Input ::
+ + +

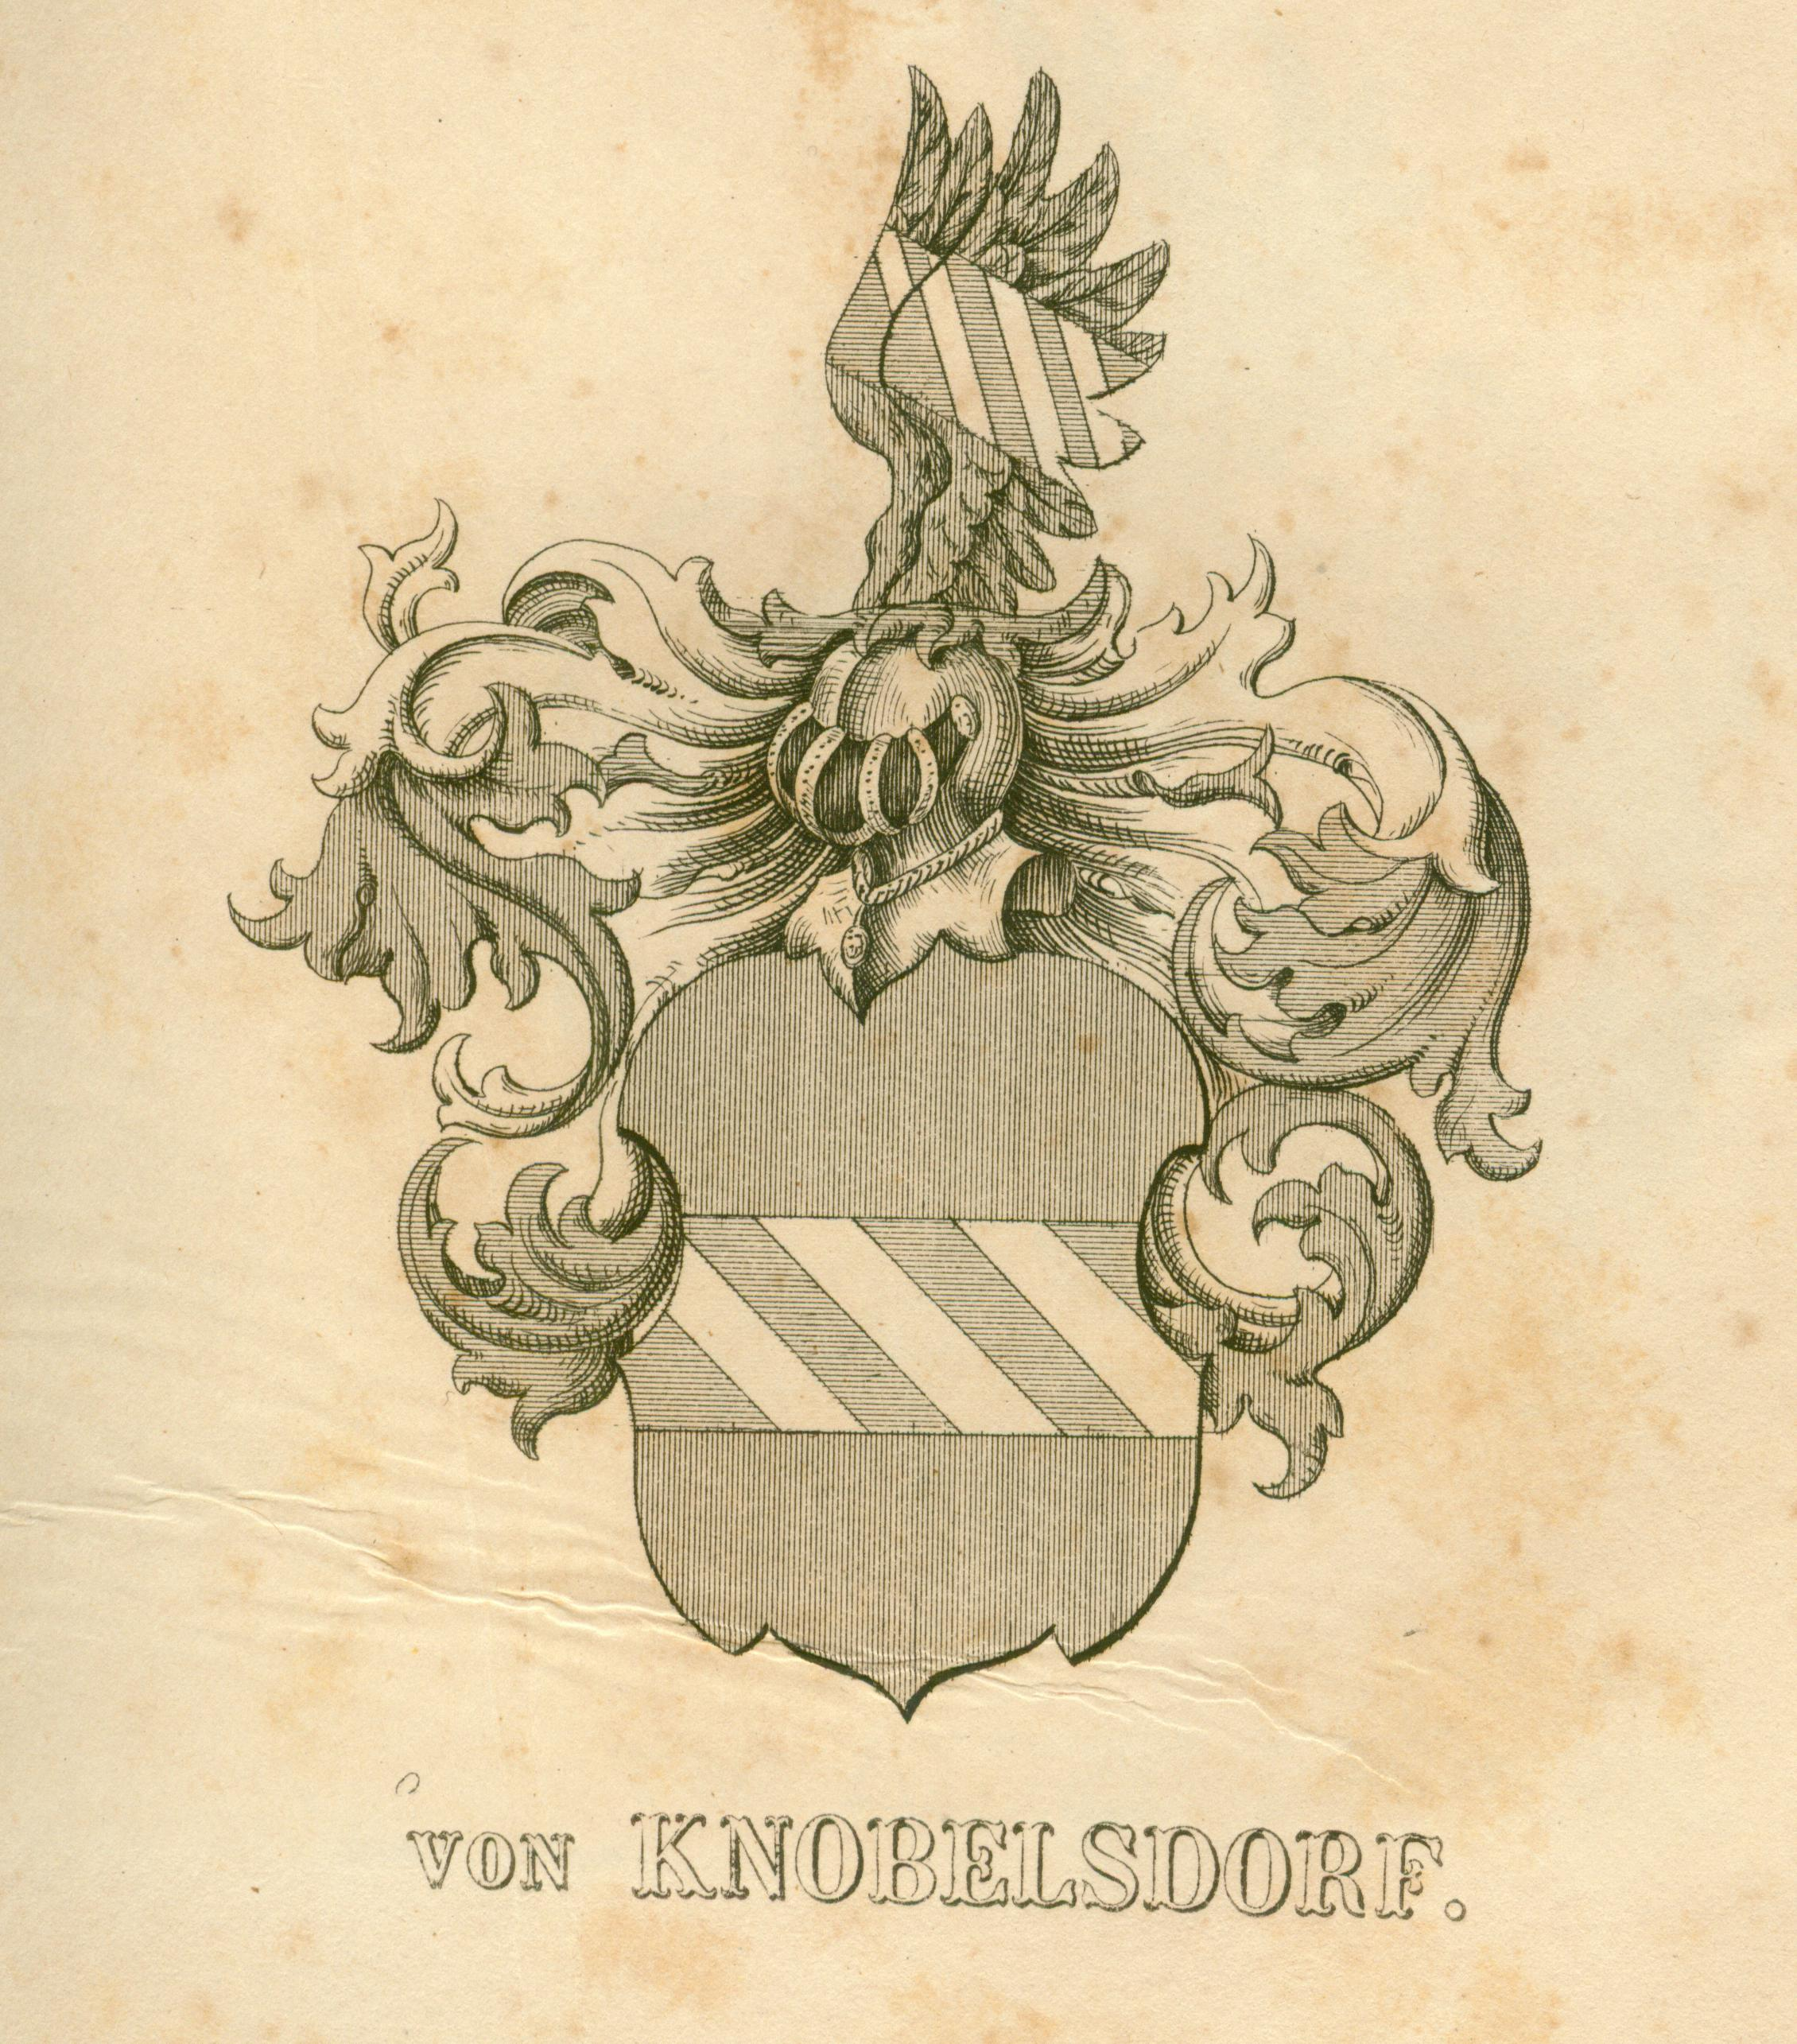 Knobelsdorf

+ + +

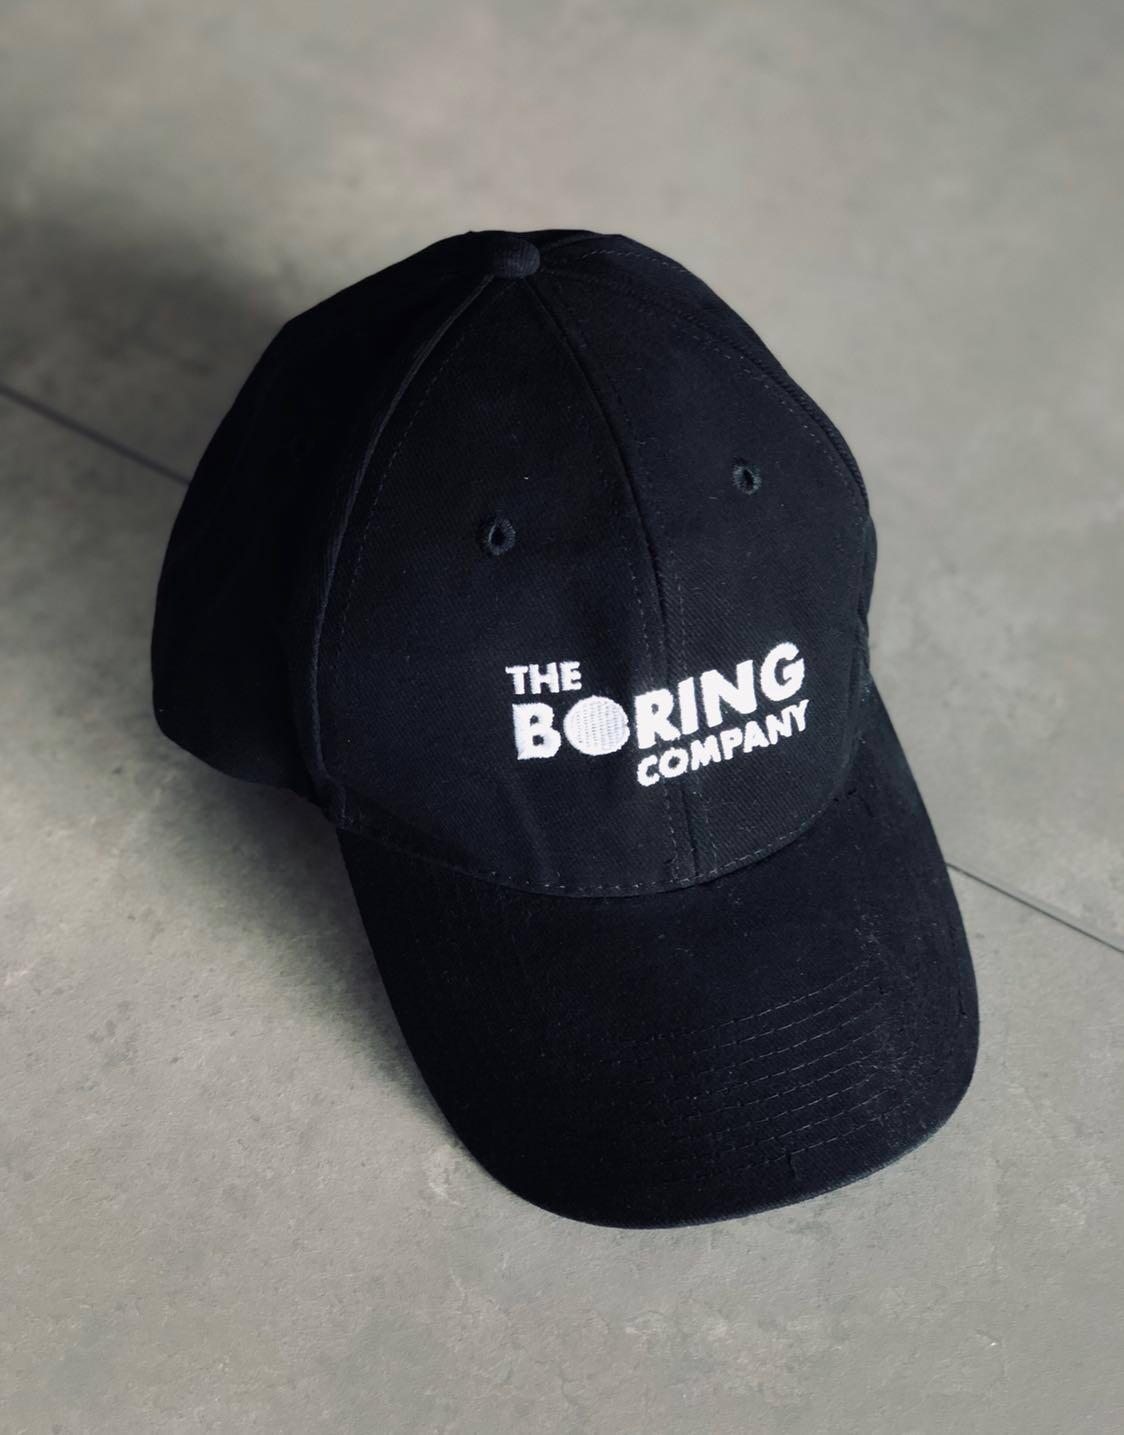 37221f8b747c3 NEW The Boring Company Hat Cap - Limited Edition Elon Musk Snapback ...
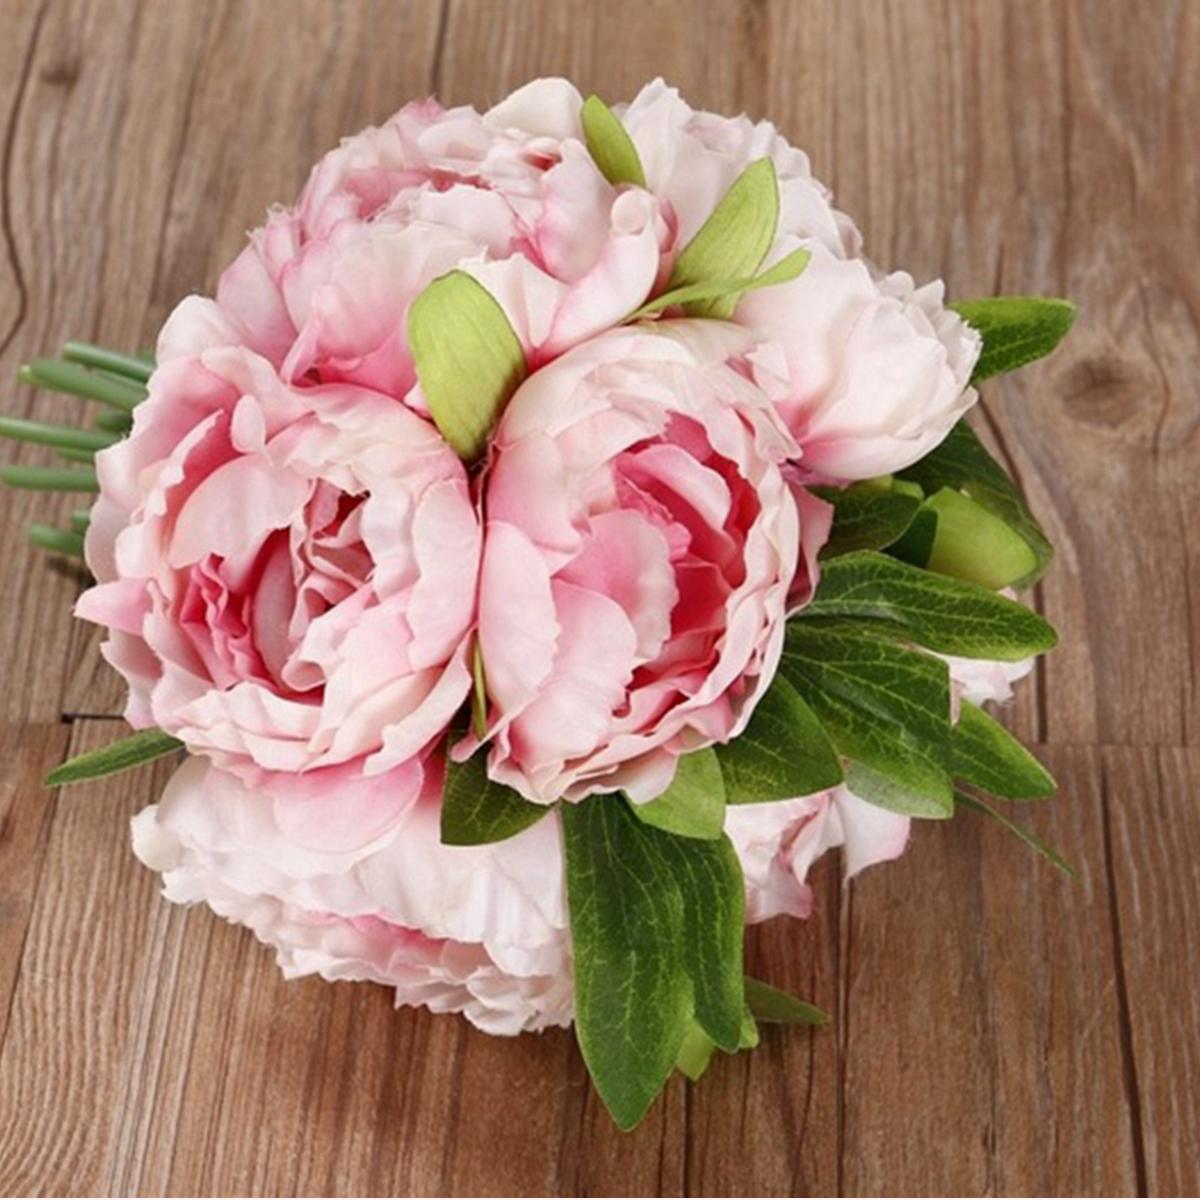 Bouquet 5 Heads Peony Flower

+ + +

Your goal :: Give back exactly the lines above that run from the one with "37221f8b747c3 NEW The" to the one with "Bouquet 5 Heads Peony Flower", including both, with the pictures left out.

Output of the exercise ::
 37221f8b747c3 NEW The Boring Company Hat Cap - Limited Edition Elon Musk Snapback ...
 Bouquet 5 Heads Peony Flower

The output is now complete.